Inviting the Nightmare
AURORA, Ohio — Donte Stallworth wants to be in the correct frame of mind for tomorrow morning. Alone in a northeast Ohio hotel room, he flips open his laptop, pulls up a web browser and Googles himself.
“Donte Stallworth 911 call”
Stallworth: Ok, listen, listen ... This guy just ran in front of my car and he's [expletive] laying in the street dude ... I, I …
Dispatcher: So you hit somebody in the street?
Stallworth: Yeah, you gotta send an ambulance right now man. He ran in front of the car sir, he like, jumped in front of the car.
Oh no. [Expletive]. Oh my God, this guy is ... oh ...
This is the second time he’s listened to the tape. The first was several months after it happened. On an early morning in March 2009, Stallworth killed a man while driving drunk.
The nightmares have come and gone for five years now, and the daytime flashbacks sometimes return when he rides in a car. (All he does is ride now—he can’t obtain a driver’s license in Florida for the rest of his life.) Tonight, on the eve of his appearance as a speaker at the NFL’s Rookie Symposium, he invites the nightmare.
“It brought back the feeling of looking down and seeing a man lying on the ground motionless,” Stallworth says. “I needed to feel it again, if I was going to instill that image.”

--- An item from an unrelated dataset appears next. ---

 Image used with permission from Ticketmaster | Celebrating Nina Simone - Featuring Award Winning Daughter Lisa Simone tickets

What Stallworth did and didn’t do five years ago is a more complicated story than many of us care to know. There’s the story he tells the rookies, the story he tells me, and the story he tells himself. Somehow, all of it’s true.
* * *
Everything starts with Mario Reyes. He and Stallworth share permanent residence in one another’s obituaries. Stallworth accepts this. He views all of his own problems in the shadow of the Reyes family. His fingers are mangled and knobby, but Reyes is dead. His sleep is haunted, but Reyes is dead. He lost all of the money he’d made in the NFL, but Reyes is dead. He has post-traumatic stress disorder, but Reyes is dead.

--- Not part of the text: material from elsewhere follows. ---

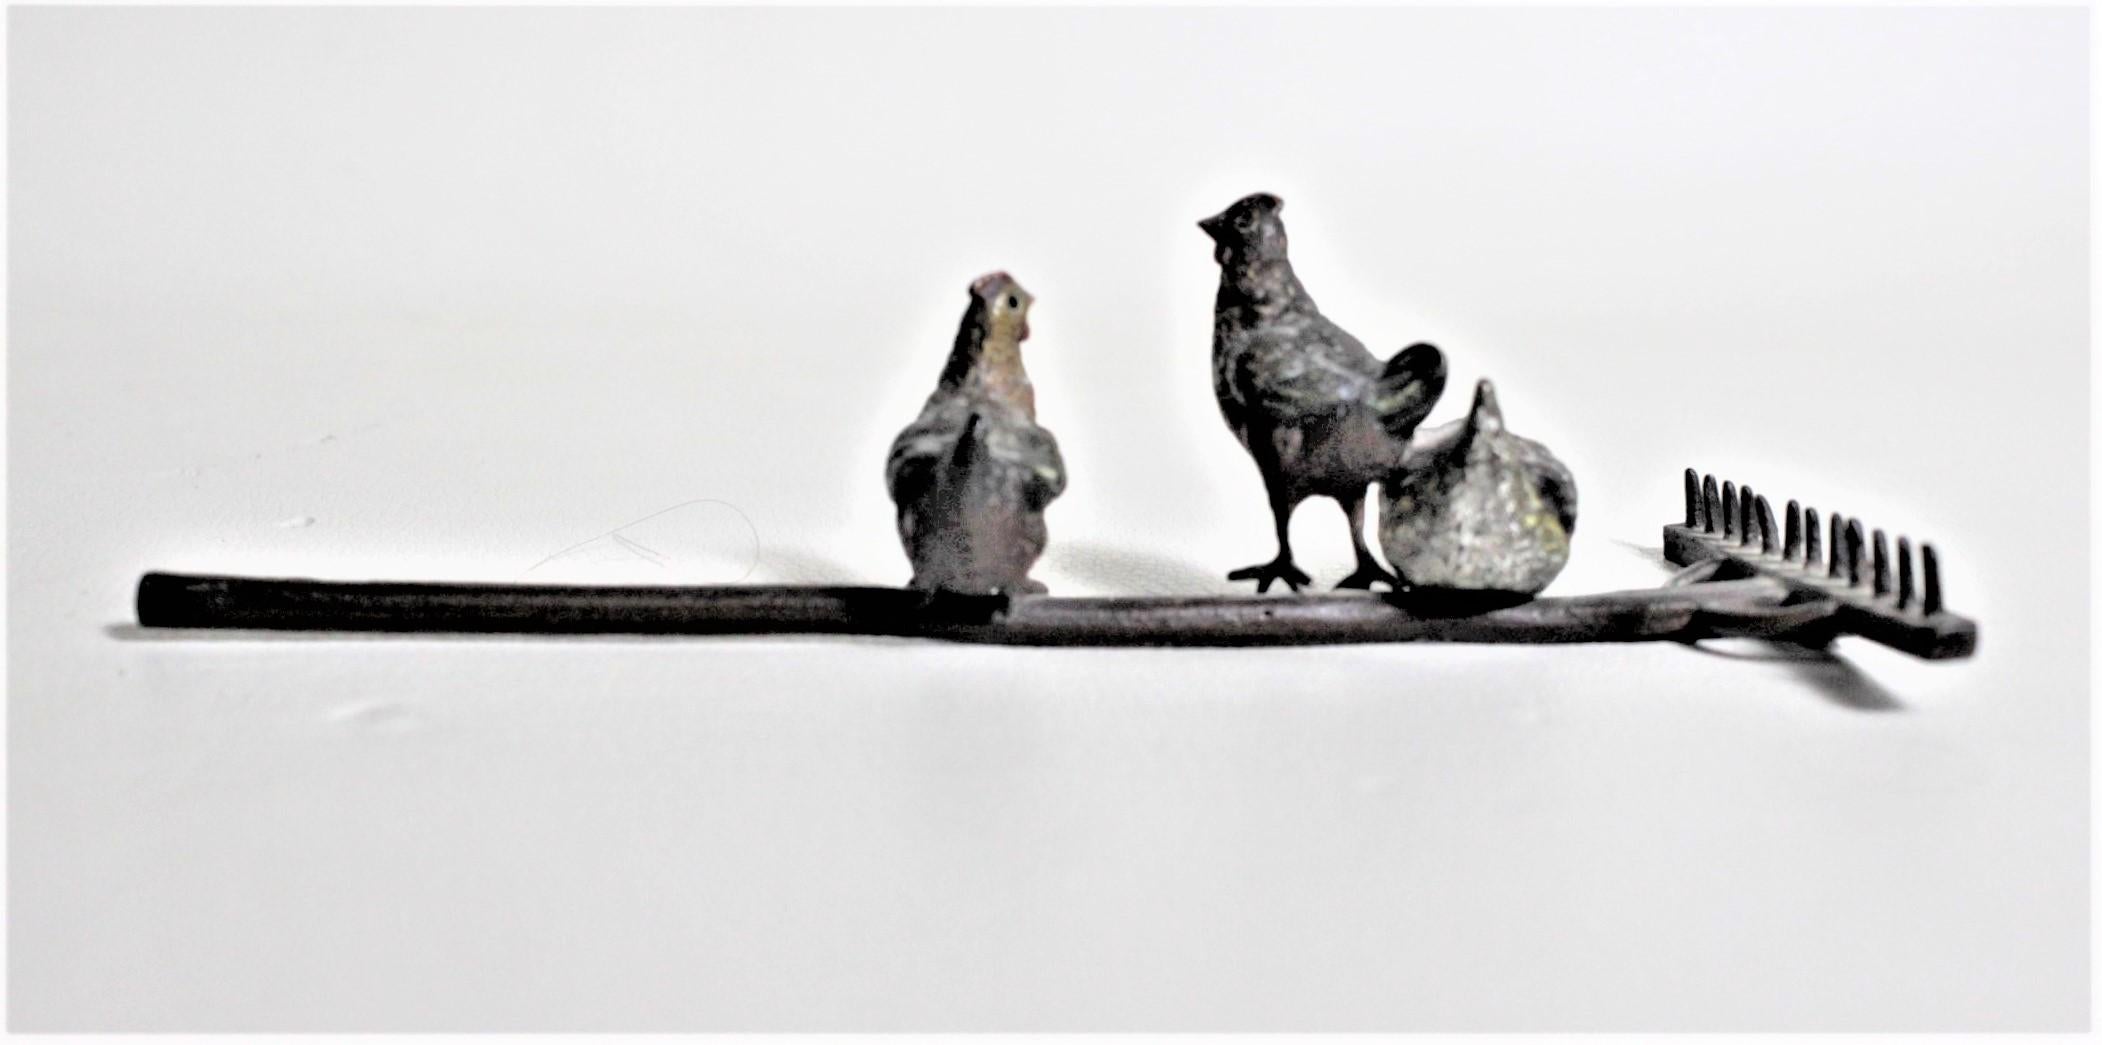 Cast Antique Austrian Cold-Painted Bronze of Chickens Perched on a Rake Sculpture

He’s reminded of this fact every other day on Twitter. The keyboards of anonymous strangers point it out whenever he tweets a controversial opinion, as if he’s forgotten all about it. To be fair, I was once like everyone else. I always wondered how Donte Stallworth, NFL player, did just 30 days in prison for DUI manslaughter, and I could only guess at the degree of audacity required for such a man to tweet opinions and debate politics in the open.
Then I met the man, bubbly and grinning before turning serious over lunch at the Rookie Symposium two weeks ago.
“The insults come a few times a week. It comes with being open,” says the ex-wide receiver, now 33. “I respond every now and then but never in a negative way. It’s a lose-lose battle for me.”
Two weeks ago Stallworth tweeted his excitement over the opportunity to address rookies on the consequences of drunk driving. A woman shot back: You’re a hypocrite. How can you tell them not to do that when you did it?
He responded: So I can help my bros avoid the same fate.
* * *
Stallworth took the podium in an amphitheater at the Bertram Hotel four times last week, flanked each time by the president of Mothers Against Drunk Driving. He delivered the talk he’d rehearsed in the hotel room. It has been nearly a year since he was last on a roster (Washington cut him last August), and he’s five years removed from March 14, 2009, the morning that delivered him here.
To pay the Reyes family, Stallworth had to sell the home he’d bought for his mother. But he doesn't think about the settlement. “[His daughter] won’t have her father walk her down the aisle. It’s a ripple effect. He had a family as well.”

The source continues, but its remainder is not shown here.